This is a trickier concept than most of the stuff we've covered above, so I'm going to go into some background first. The protocol that we use today on the world wide web is HTTP. This much you probably know. It's a state-less protocol, which you probably didn't. What this means is that when someone requests a page, the page is sent and the connection is closed. End of story to the webserver. But for you, the application writer, you want some way to identify a single visitor through their visit, because they're not just getting one page.. they're getting a dozen as they browse, and maybe they typed in a password on that first page and don't want to have to log in to every page as they go through your site.
Netscape saw that this was an issue and their answer was the "magic cookie". A magic cookie is a little piece of text that a server gives the browser with their page. The cookie is stored on the browser and it has certain instructions with it, like how long it's supposed to last, and which servers it should give the cookie to. Then whenever the browser asks for a new page, it gives the cookie to the server as part of the request. So by giving data in a cookie to someone, then the webserver (and the application) can maintain variables across connections.

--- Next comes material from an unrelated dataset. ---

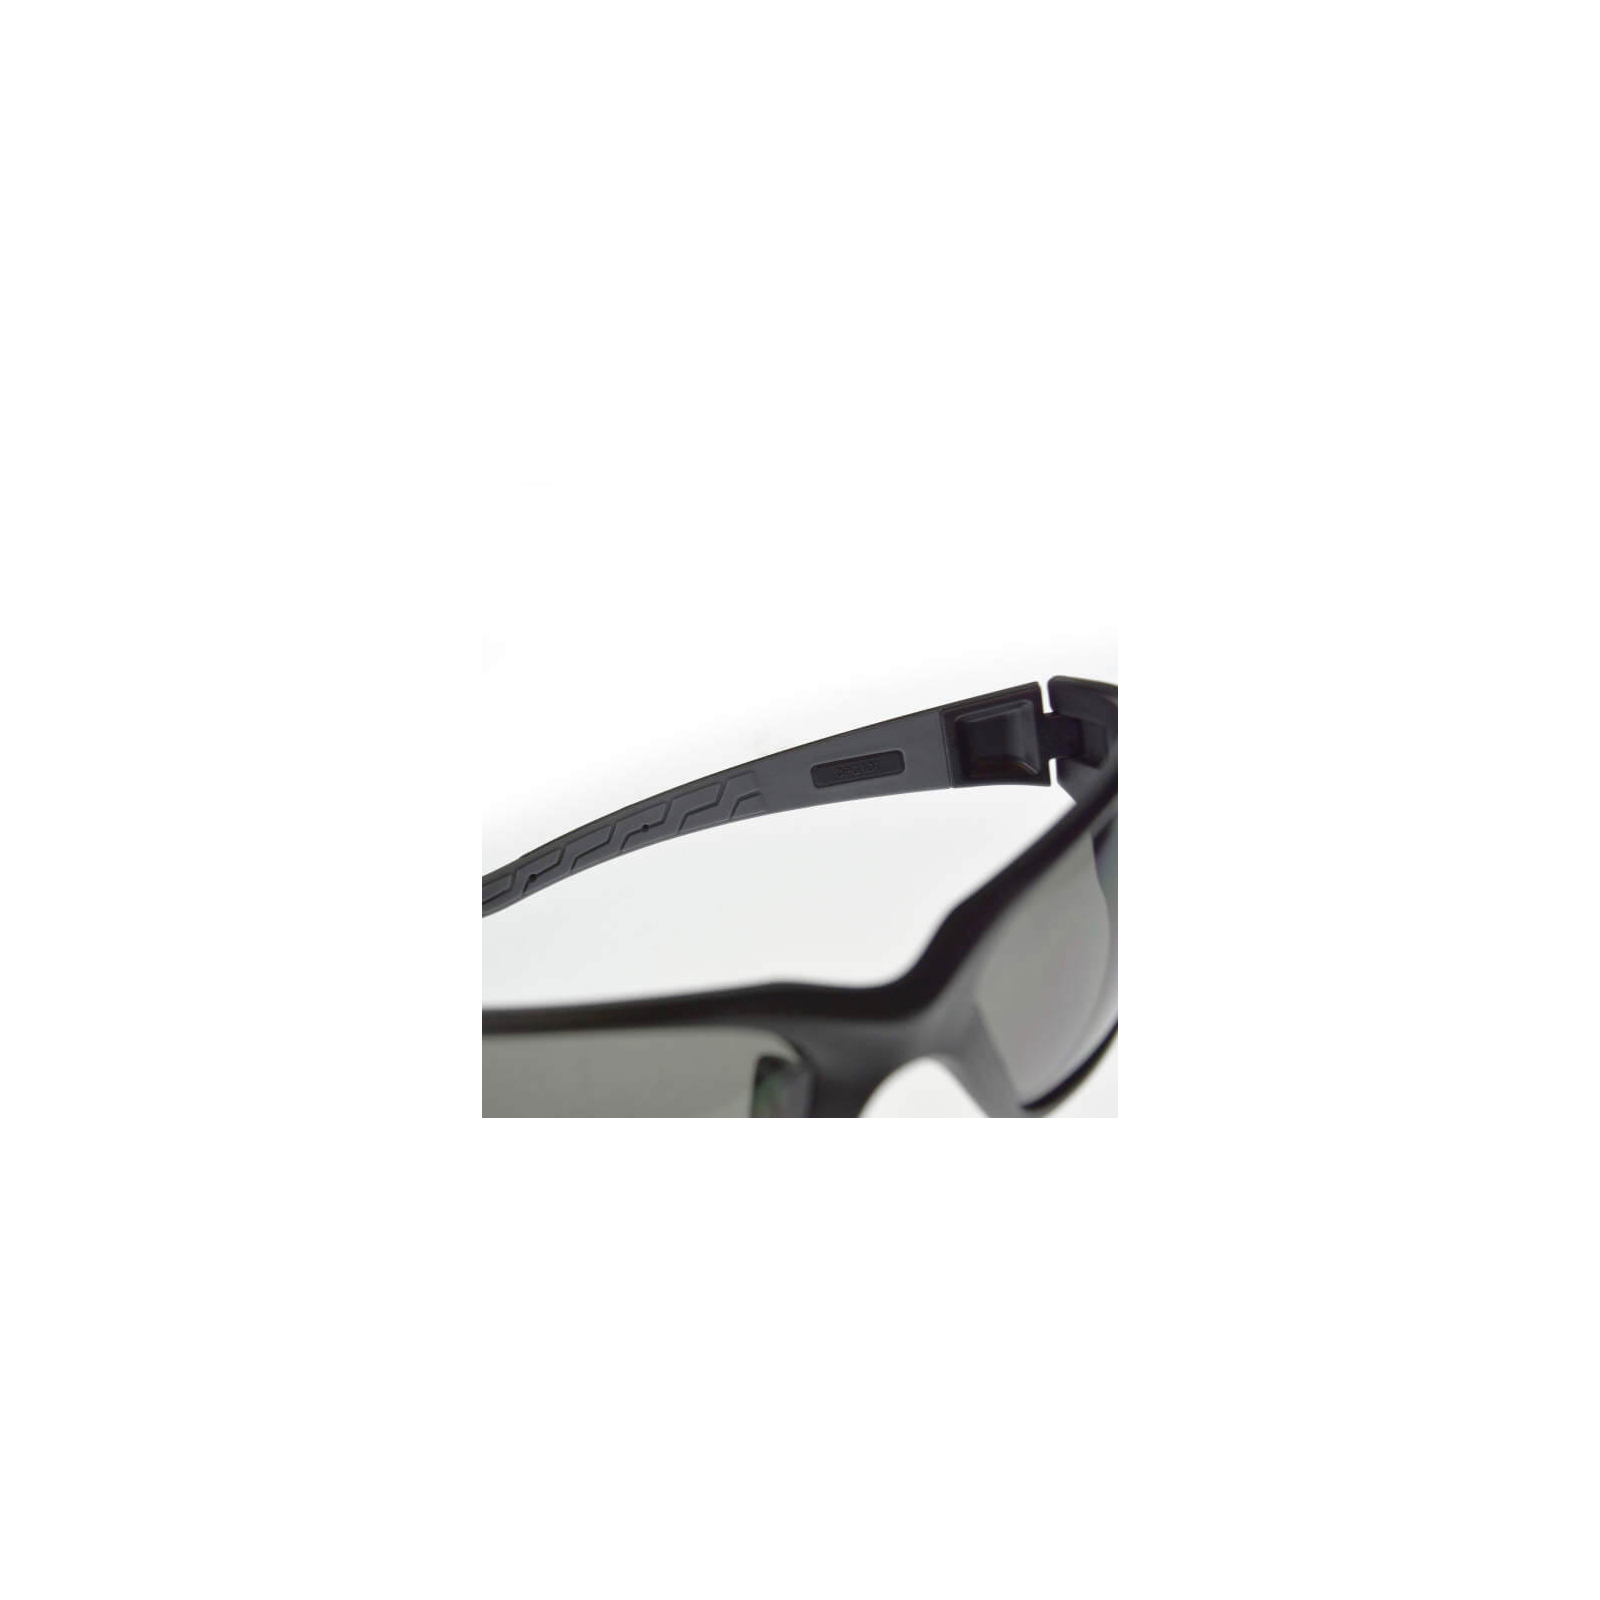 Защитные очки DeWALT Auger, тонированные, поликарбонатные (DPG101-2D) изображение 6

Now the problem with cookies is that people can read them, and they can change them, and they can make them up completely because they're on the browser and bad people have browsers just like good people do. So what session management does is that it keeps all the data, all the variables on the server, where they're much safer than on some guy's hard drive, and links the data to browsers with a unique number, a number that's very hard to guess. So now when a browser asks for a page, and gives its cookie, which has a long number in it, PHP can load the data in the session file with that number, and retrieve all the variables saved in it.
Which means that if your visitor logs in, you can save a $_SESSION['logged_in'] variable in the session file and every time you load a page, you start the session and see if $_SESSION['logged_in'] is set. Which means you don't have to make him log in on every page, and you can be sure that the user didn't fake a login by changing the cookie file.

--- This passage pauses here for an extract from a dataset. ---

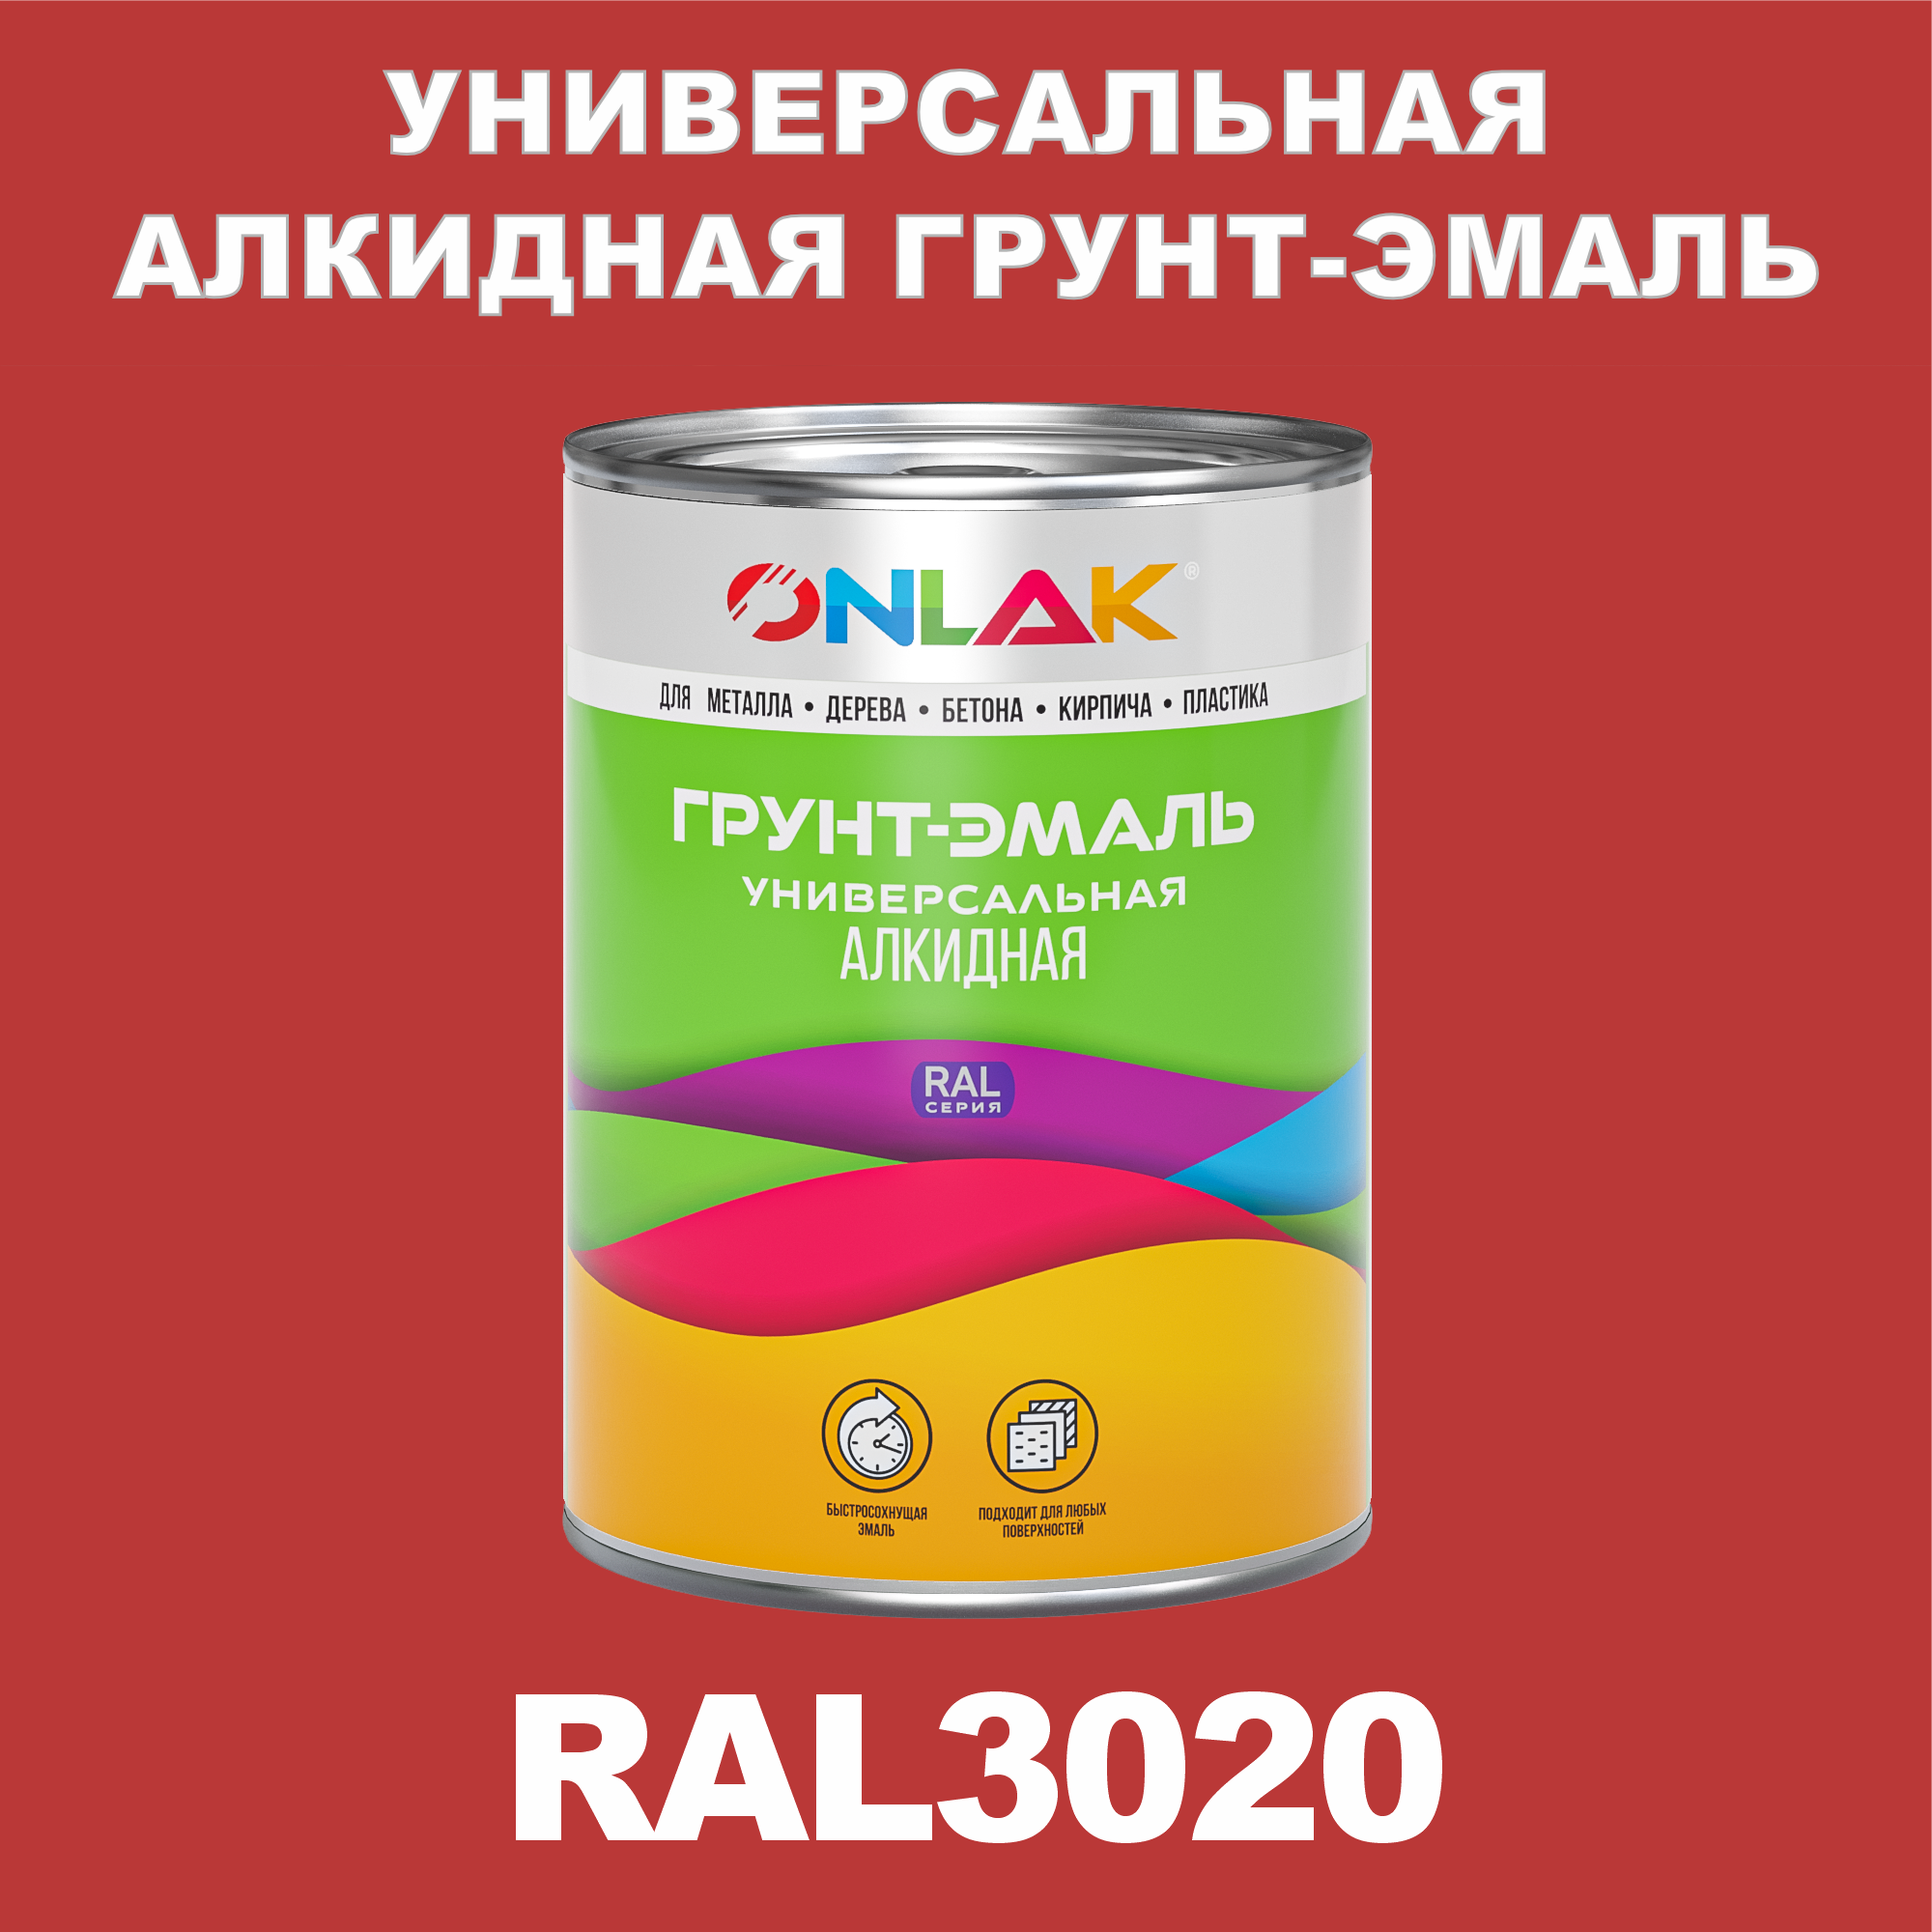 Грунт-эмаль ONLAK 1К RAL3020 антикоррозионная алкидная по металлу по ржавчине 1 кг

You need to start a session before any data is sent.. similarly, you need to register session variables before any data is sent. Data means HTML.. your page. So do this code right at the start, with no white space before the top of the page.
<?
session_start();
$_SESSION['count']++;
echo "You have loaded this page " . $_SESSION['count'] . " times!";
?>
The default lifetime of a PHP session is 0, which means it's deleted when the browser closes. However, you can browse to other sites and then come back to this one, and the session will still exist.
Look up the "Session Management Functions" in the PHP manual -- you can even write your own handler to save sessions, storing data in a database or in a different format.
Remember, the thing that catches nearly everyone out when writing session code is getting everything done before the headers are sent. If you want to be sure this never happens, and don't mind a little performance hit, you can switch on output buffering in PHP.ini which makes PHP wait until has finished drawing the entire page before sending it, so you can send headers anywhere in the script without worrying about errors.